By analyzing existing cross correlation between Asian Sea and Asia Plus Group, you can compare the effects of market volatilities on Asian Sea and Asia Plus and check how they will diversify away market risk if combined in the same portfolio for a given time horizon. You can also utilize pair trading strategies of matching a long position in Asian Sea with a short position of Asia Plus. Check out your portfolio center. Please also check ongoing floating volatility patterns of Asian Sea and Asia Plus.
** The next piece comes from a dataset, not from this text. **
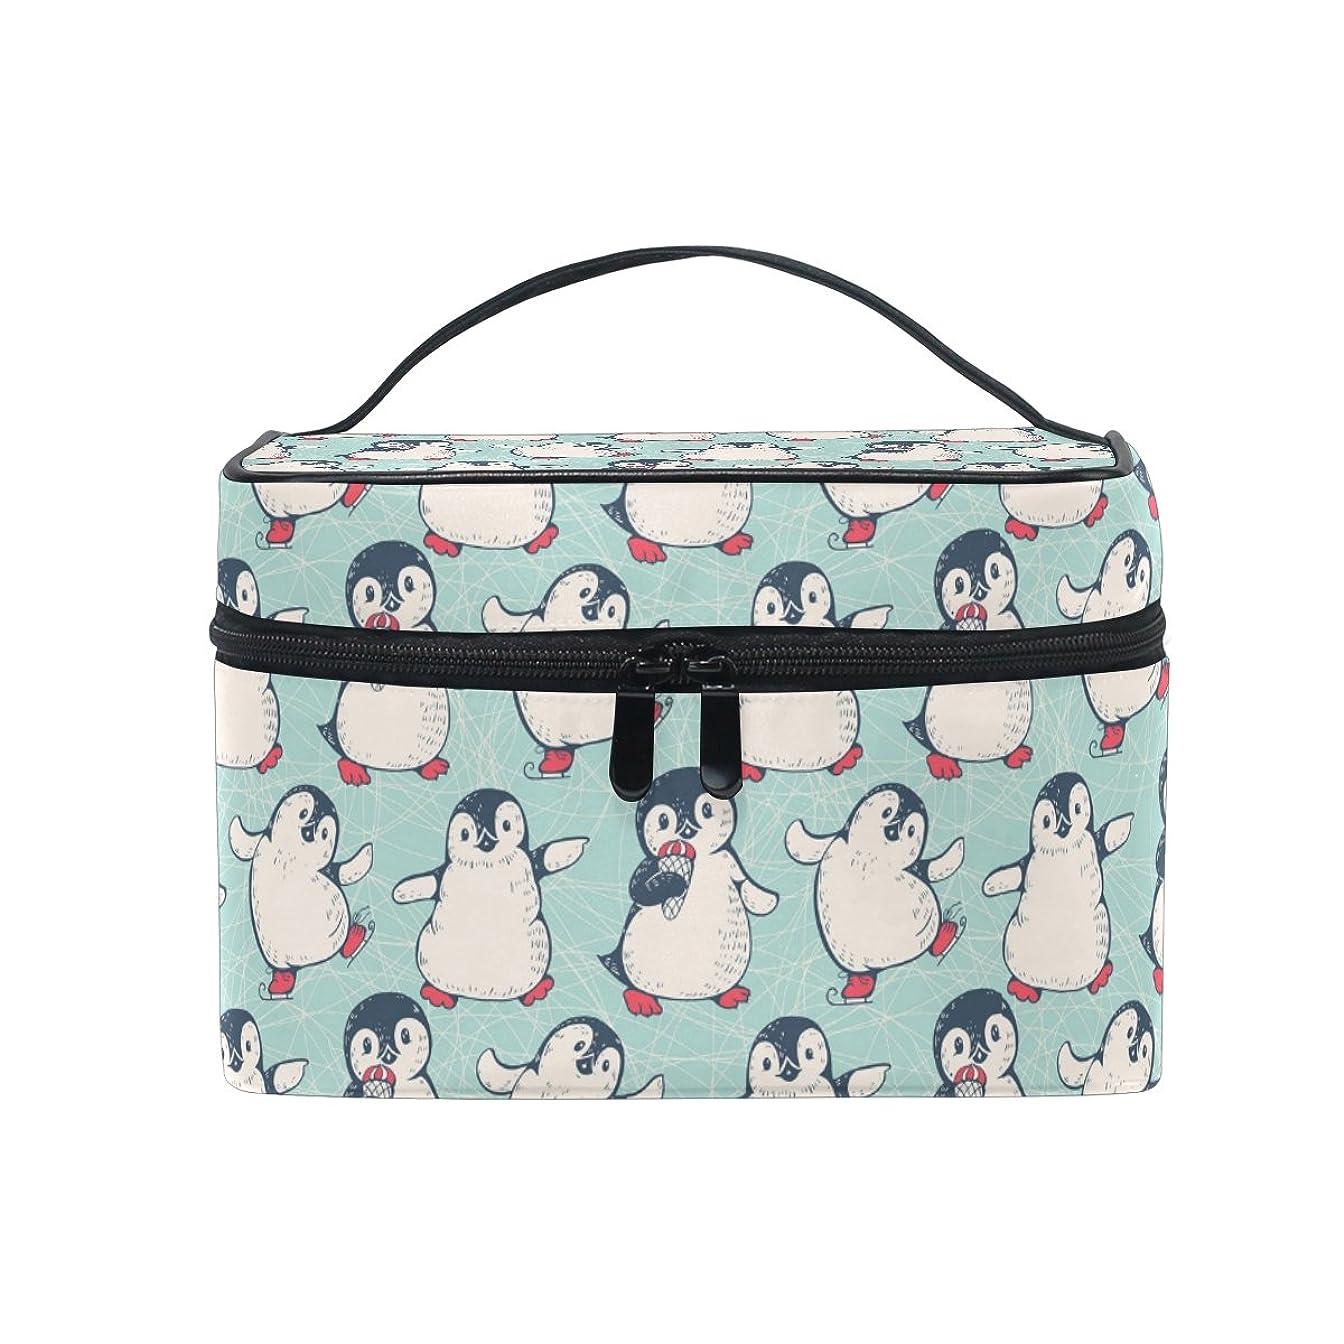 条件付き算術散文ALAZA 化粧ポーチ ペンギン柄 南極 化粧 メイクボックス 収納用品 グリーン 大きめ かわいい
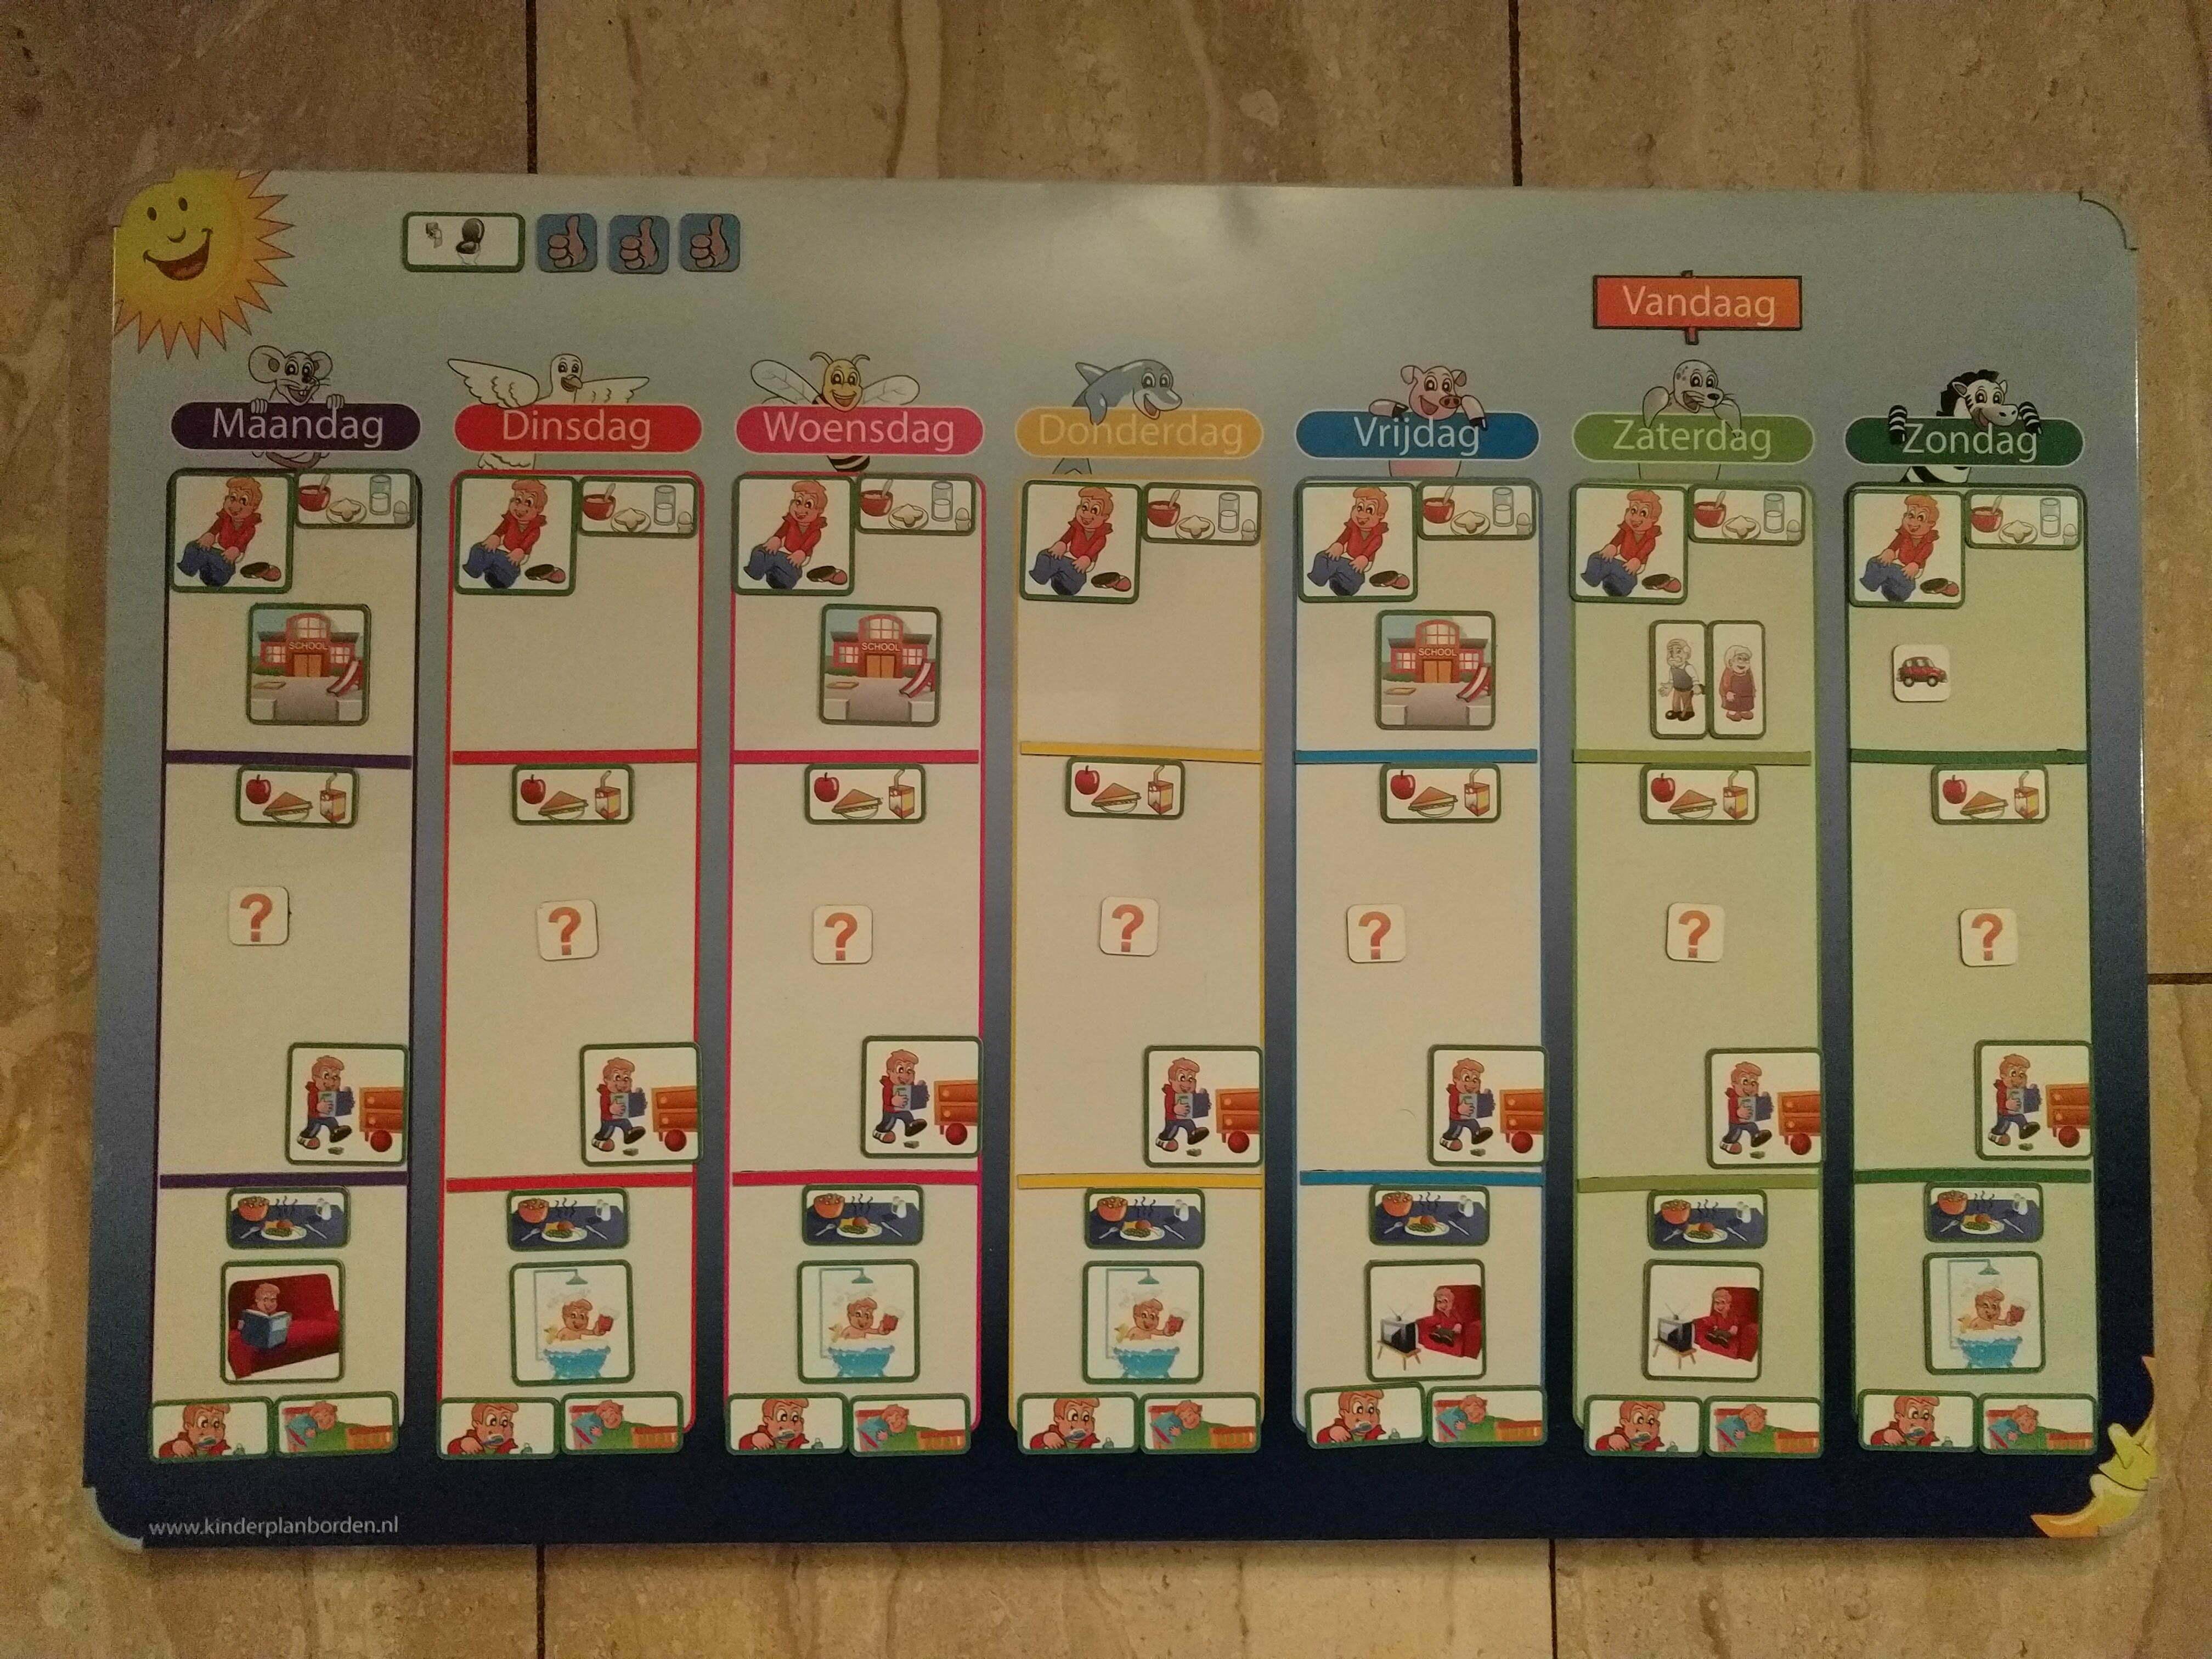 Top Planbord en dagritme kaarten, waarom en hoe te gebruiken - Moeders.nu DT18

Diversification Opportunities for Asian Sea and Asia Plus

0.89
  Correlation Coefficient

Very poor diversification

The 3 months correlation between Asian and Asia is 0.89. Overlapping area represents the amount of risk that can be diversified away by holding Asian Sea and Asia Plus Group in the same portfolio, assuming nothing else is changed. The correlation between historical prices or returns on Asia Plus Group and Asian Sea is a relative statistical measure of the degree to which these equity instruments tend to move together. The correlation coefficient measures the extent to which returns on Asian Sea are associated (or correlated) with Asia Plus. Values of the correlation coefficient range from -1 to +1, where. The correlation of zero (0) is possible when the price movement of Asia Plus Group has no effect on the direction of Asian Sea i.e., Asian Sea and Asia Plus go up and down completely randomly.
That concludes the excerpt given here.